Replica sync hangs after initial sync

853 views
Skip to first unread message

p_h_i_l_l_i_p

unread,
Jun 22, 2012, 7:27:11 AM6/22/12
to mongodb-user
Hi,
We have mongo configured in replica set (master + slave + arbiter).
One day slave was to stale to catch up, so I did a full resync
(deleted /data dir) - since then I can't get slave to catch up master.
Each time after initial sync it stops syncing and moves forward only
few seconds each hour so after some time it gets stale again.
mongo ver: 2.0.3
uname -a: Linux mongo-db-2 2.6.18-194.32.1.el5.centos.plusxen #1 SMP
Wed Jan 5 19:10:49 EST 2011 x86_64 x86_64 x86_64 GNU/Linux
rs.status: http://pastebin.com/5u9gu8W9
db.currentOp: http://pastebin.com/wCLumni7
db.printReplicationInfo: http://pastebin.com/s7k9QF7P
logs from slave: http://pastebin.com/fGkgiM9D

Any ideas ?

A. Jesse Jiryu Davis

unread,
Jun 22, 2012, 5:05:20 PM6/22/12
to mongod...@googlegroups.com
Can you try restarting the secondary, without wiping its data or anything? Connect to it, db.adminCommand('shutdown'), and restart. Let us know if that fixes the problem.

myCloudWatcher

unread,
Jun 23, 2012, 12:45:37 PM6/23/12
to mongod...@googlegroups.com
I have an issue that is close to the same problem.
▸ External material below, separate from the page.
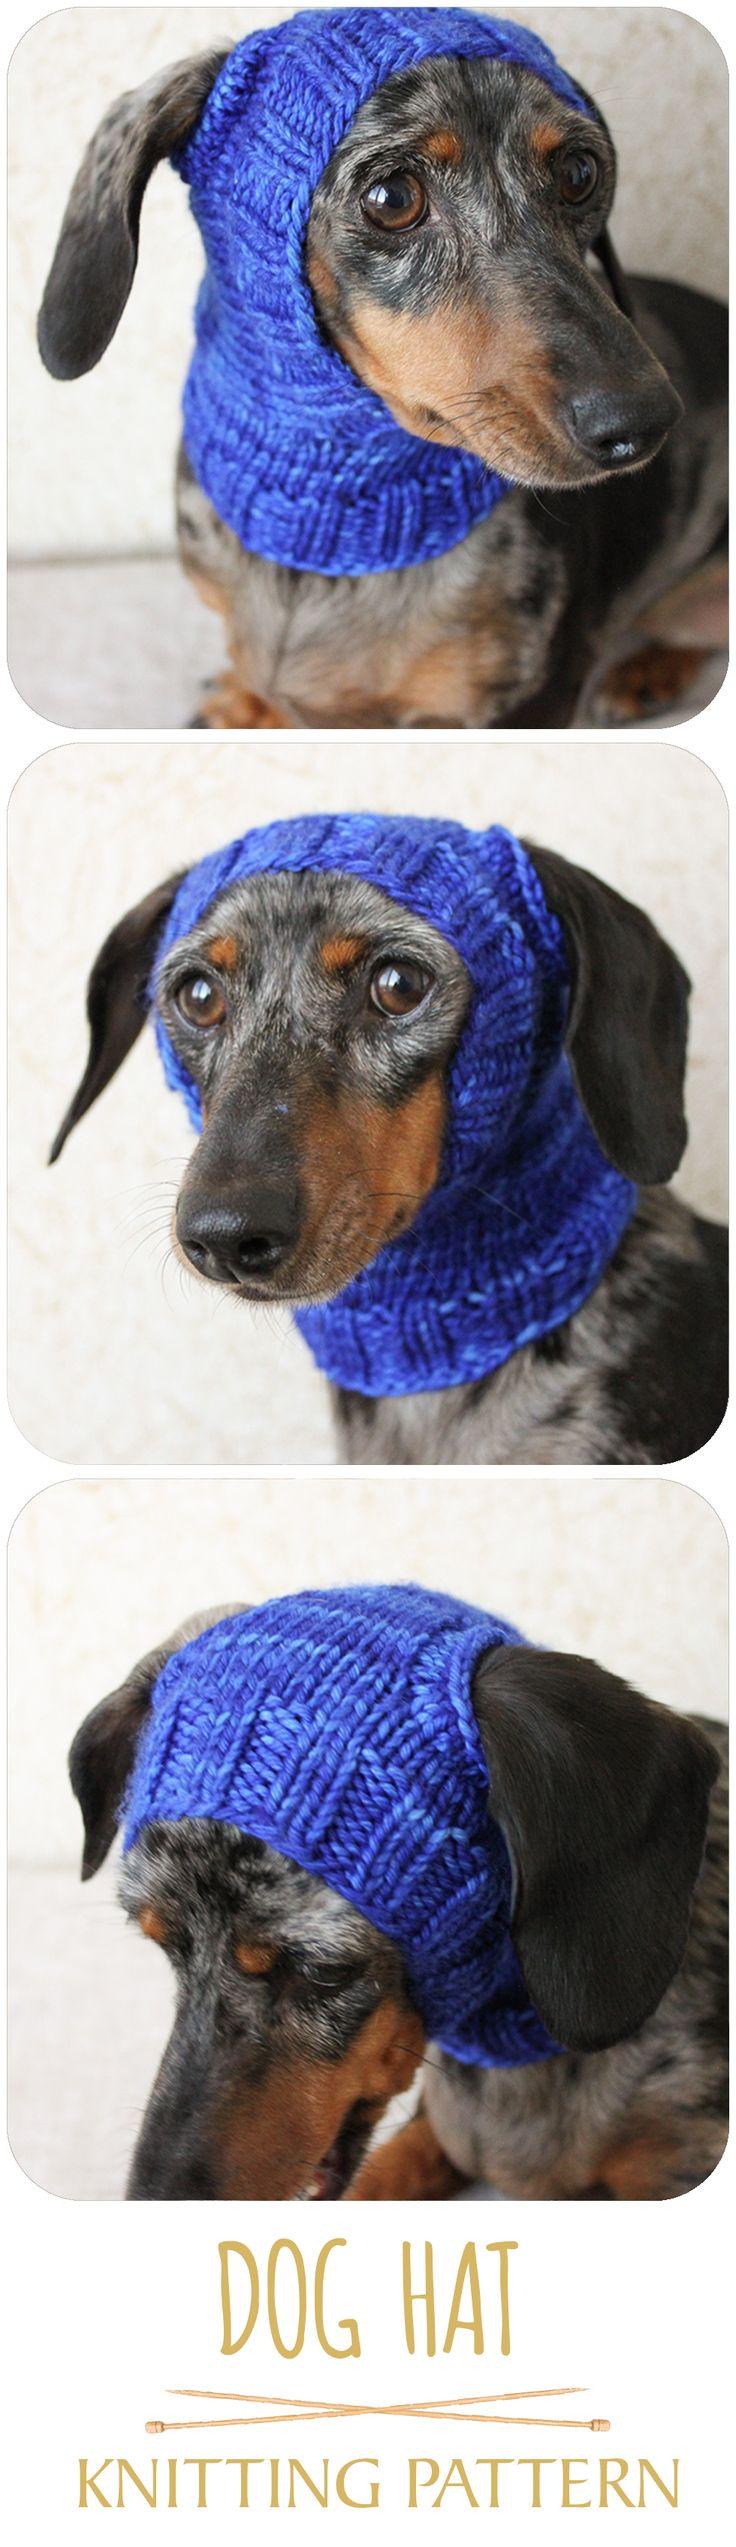 KNITTING PATTERN, Mini Dachshund Dog Hat, Small Dog Hat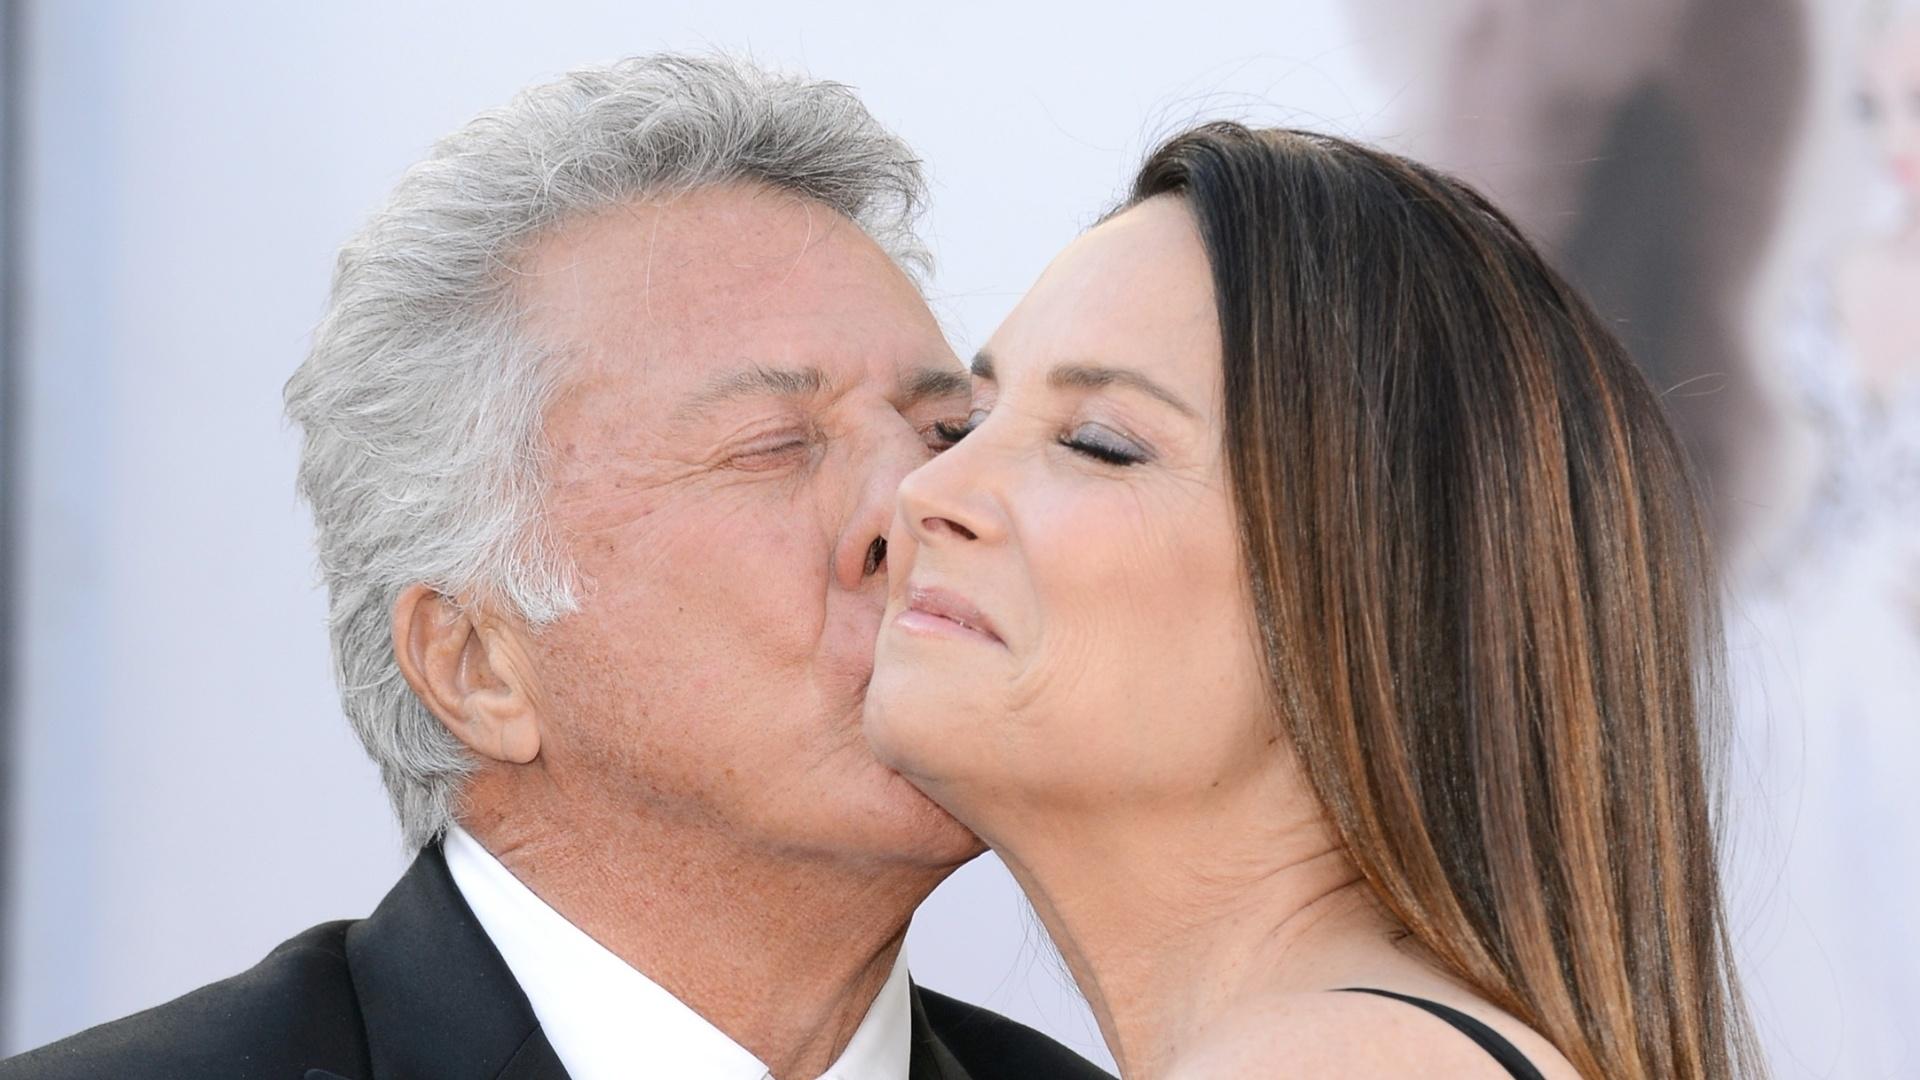 24.fev.2013 - Dustin Hoffman beija a mulher, Lisa Hoffman, no tapete vermelho do Oscar 2013

I needed to re-sync a Secondary and after the Sync was over it never started to replicate.  Over time it became "stale" and did the sync again.  It then stalled again....

At the same time,  the server that was used for the "Clone" was up and down a few times.

So my question is:  Why did the SYNC "end" and the server not just start replicating?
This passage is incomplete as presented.